Philippines, Iran agree to boost oil trade


August 28, 2004. The Philippines and Iran have agreed to strengthen bilateral cooperation in energy and oil sectors, the Philippine government said. The accord was forged during a meeting between President Gloria Macapagal-Arroyo and Iranian Foreign Affairs Minister Kamal Kharrazi who paid a courtesy call at the Philippine presidential palace. During their meeting, Arroyo and Kharrazi explored several areas of bilateral cooperation, notably in energy and agriculture, specifically talking about oil supply, exploration and development of natural gas, and construction of new power plants. Considered the world's second largest producer of oil and natural gas, Iran supplies 60,000 to 70,000 barrels of crude oil per day to the Philippines, representing about 25 percent of the country's fuel requirements.


Policy / Performance


Russia and China to consider energy cooperation


August 25, 2004. Russian Industry and Energy Minister Viktor Khristenko and Chinese Minister in Charge of State Development Reform Commission Kai Ma will discuss issues of joint cooperation within the framework of a session of the Russian-Chinese sub-commission for energy cooperation held in Beijing on August 24 to 26. According to experts, one of the most important issues of negotiations is construction of an oil pipeline from Eastern Siberia to the Far East. The Chinese Ambassador to Russia has made it clear recently that the talks on laying this oil pipeline will take place during a visit of Chinese State Council Premier Wen Jiabao scheduled for this fall in Moscow.

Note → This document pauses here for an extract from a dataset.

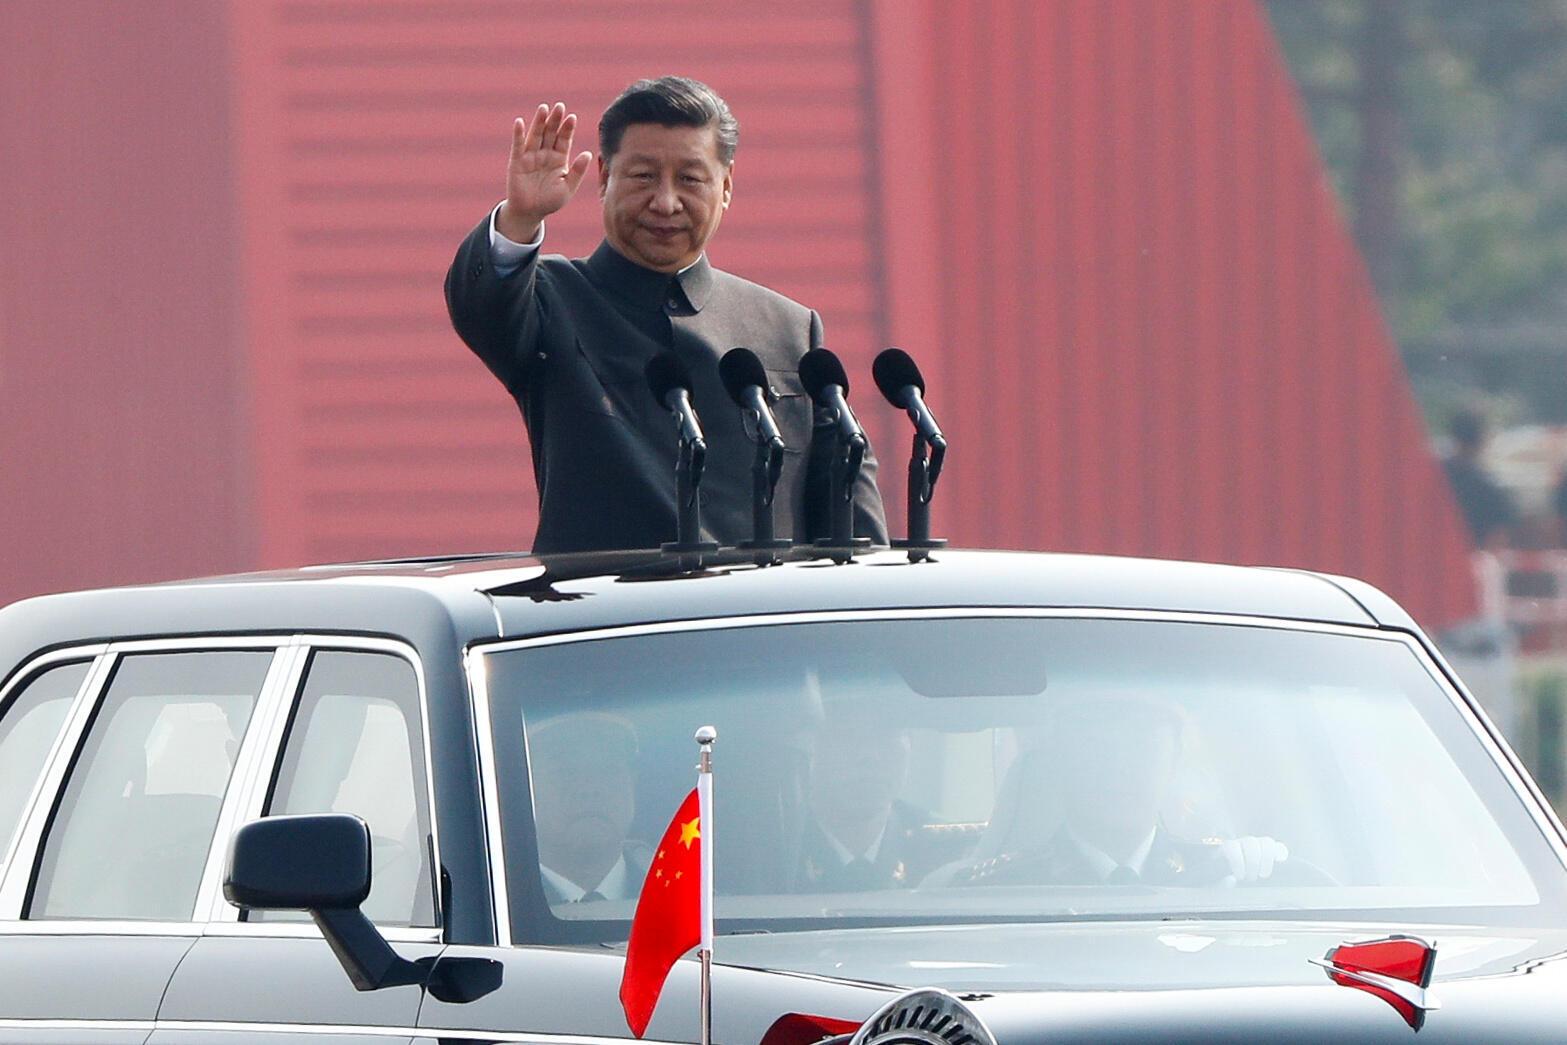 10月1日,中共建政70周年,习近平在天安门广场检阅三军。

Moreover, an adviser of the Chinese Embassy declared that China was interested in buying YUKOS' subsidiary Yuganskneftegaz.


Iran wants foreign investment to help it meet energy targets


August 24, 2004. OPEC member Iran called for increased foreign spending in its oil and gas sector, in part blaming underinvestment in energy infrastructure for current record high oil prices. Iran's Deputy Oil Minister Mohammad Hadi Nejad Hosseinian predicted oil prices would stay close to $50 a barrel in the short term as steep world demand and unrest in the Middle East drive prices higher. "Most OPEC producers have been unable to supply extra oil as a result of inadequate investment during the period when oil prices were weak," said Hosseinian. He called for foreign cooperation to help Iran meet a target of producing 5.5 million barrels of oil per day and 700 million cubic meters of gas per day by 2010. Iran currently produces around 4 million barrels per day. Projected investment costs would total $50 billion over the next six years. "Iran expects to rely heavily on foreign investment to implement its ambitious plans," Hosseinian said.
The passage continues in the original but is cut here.